Artistic director Abigail Morris would probably hate the idea that you can define a Soho play, but out of seven plays this season five have been written by women, all have an immediate accessibility, and most have a kind of blatant honesty about them as they give voice to the lives of very ordinary people. If I had to pigeonhole Soho plays I would say that they often see the extraordinary in the ordinary, the diamonds in the dirt. None more so than these two plays that as a double bill make a long but rewarding evening. They are of such different emotional tenor, however, they might be better savoured on separate viewings.
Amanda Whittington's Be My Baby gives the lie to the idea of the swinging 60s with a story of four girls waiting out their pregnancies in a mother and baby home. It is an old story, but one worth repeating, not least as a reminder of the shame and secrets endured by our mothers' generation.
Whittington writes with a freshness about the innocence and ignorance of teenagers whose enthusiasm for the three-minute romantic dreams peddled by girl groups such as the Shangri-Las and the Ronettes is only matched by their naivety about their own bodies, men and the harsh realities of the world. There is a lovely, tiny moment in the play when middle-class Mary, forcibly sent to the home by her anxious mother, decides to run away. She puts on her gloves to do so, well brought up even in extremis.
There is something very simple and direct about this play. If it were a person you would say it had no side. If it were a person you would want to hold it and hug it.

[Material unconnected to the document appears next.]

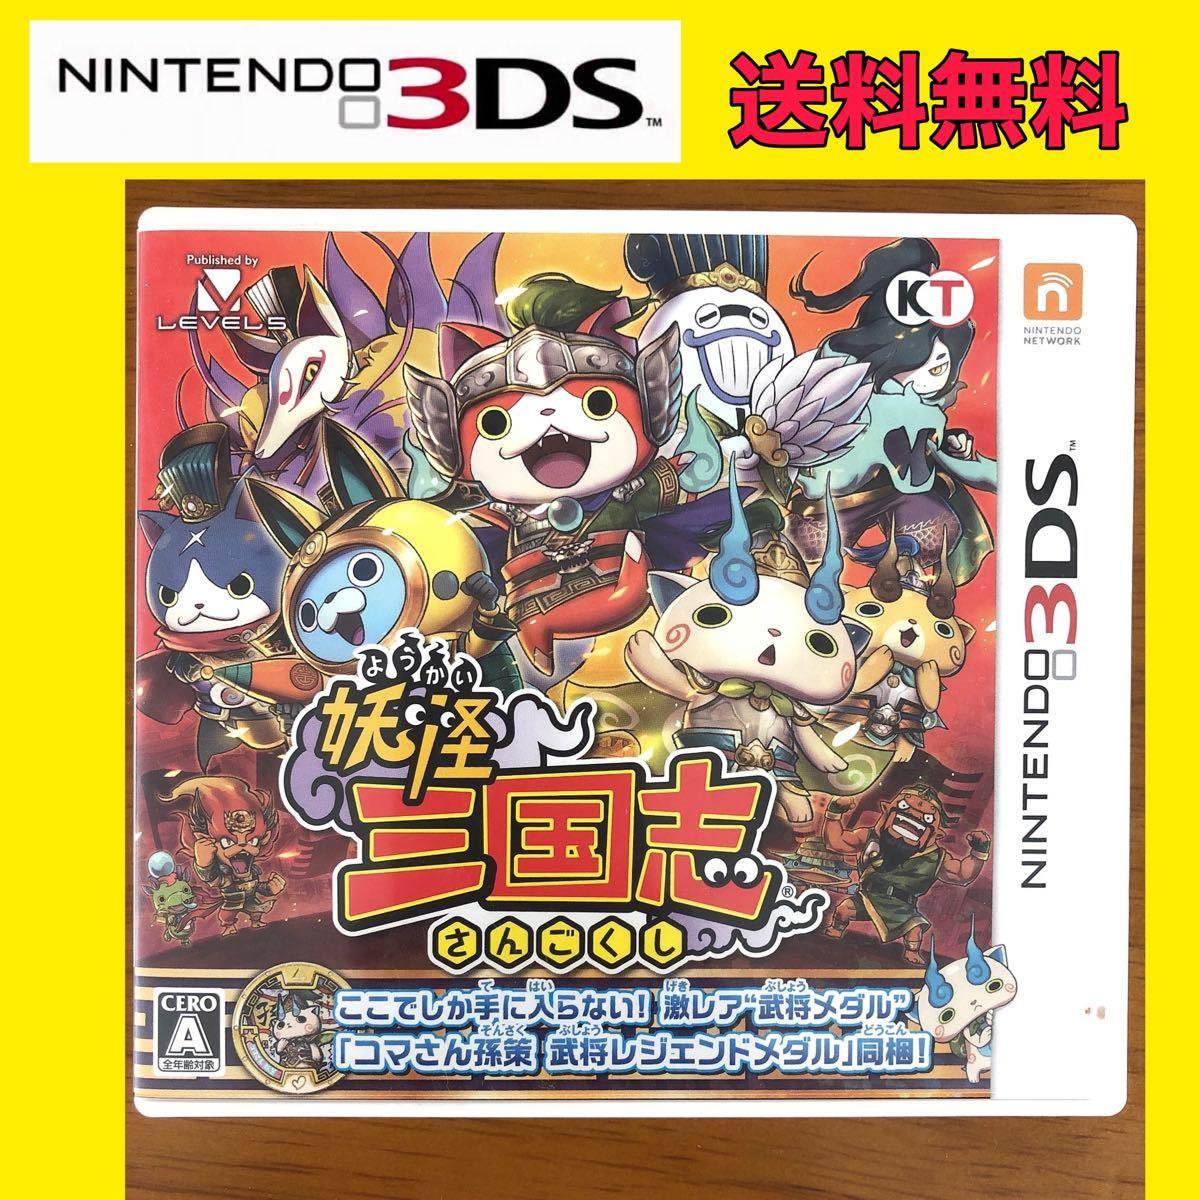 Nintendo 3DS 妖怪三国志 任天堂 ニンテンドー 妖怪ウォッチ

Jessica Townsend's Angels and Saints is much more autumnal. Just when you think this is another one of those Irish plays about the frustrations of a middle-aged Catholic virgin caring for her elderly gran, it surprises you.
Coming back from the local Spar one day, 46-year-old Noreen has an ecstatic sexual experience in the church graveyard with a Scotsman with a drink problem. And that is about it. Except that Townsend writes with a matter of fact poetry so that the grimness of Noreen's life becomes a kind of benediction. Gabrielle Ready plays Noreen with such lumpy, luminous grace that the play makes you want to rush off to churchyards to find your own angel.